In this volume, Lawrence J. Johnson, former editor and director of the Pastoral Press, presents sources of the liturgy in translation with an introduction and bibliography. The first volume treats Jewish sources, subapostolic texts, and texts from the second and third centuries in both East and West. The subsequent three volumes treat the fourth, fifth, and sixth centuries.

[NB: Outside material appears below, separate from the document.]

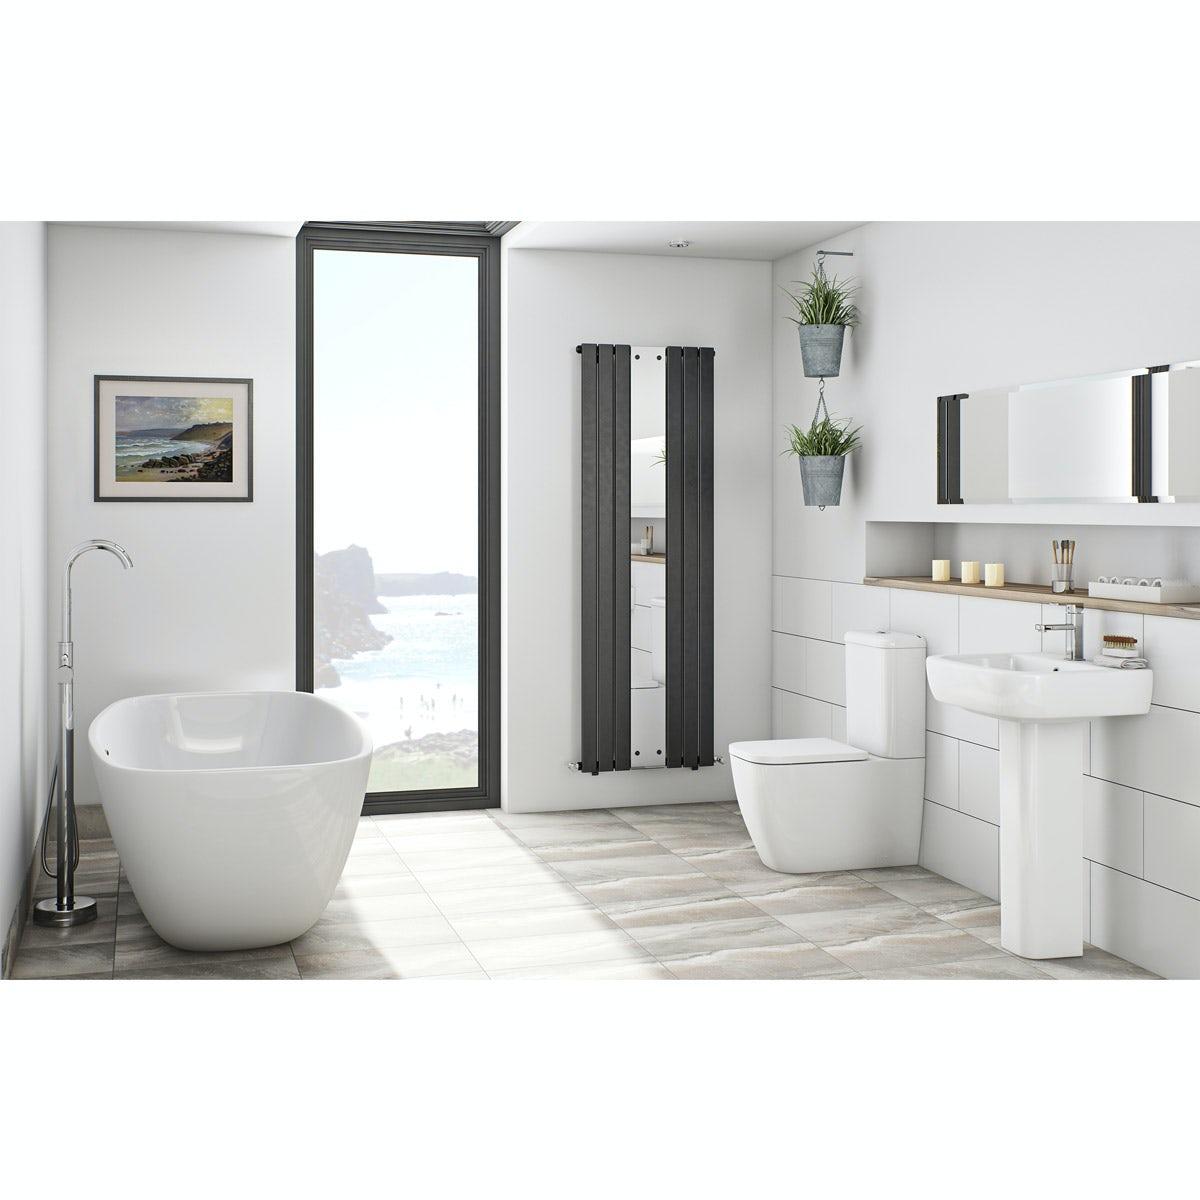 Mode Ellis Bathroom Suite With Freestanding Bath Victoriaplum Com

Each entry follows a similar pattern: the title of the work with a note about the source of the translation (usually the author's own), orienting bibliography, and the translation of the text. Johnson offers good orientations to the various texts, as illustrated by the following example. A topic controversial today is that of Hippolytus of Rome and the Apostolic Tradition. Johnson begins with an overview of the complications of the person of Hippolytus and gives an orienting bibliography. He then presents the Apostolic Tradition, giving an overview of the modern critical editions that led to the attribution of the "Egyptian Church Order" to Hippolytus and to the consideration of it as his work. Six pages of bibliography follow, with sources, general studies, and then specialized bibliographies on initiation, Eucharist, orders/ministry, and daily prayer. He offers a translation of the complete text as reconstituted by Bernard Botte and again gives notes for biblical citations and some technical issues of the text. Despite the controversy surrounding the author and date of the document, he makes the decision to treat it as a third-century work of Hippolytus, while alerting the reader to the discussions surrounding the attribution and dating.

The layout and format are clear, the bibliographies substantial and helpful, and the translations straightforward and accessible. This will be a helpful resource for those without access to original languages and critical editions who are looking for a good, brief orientation to important sources of liturgical study in the first six centuries.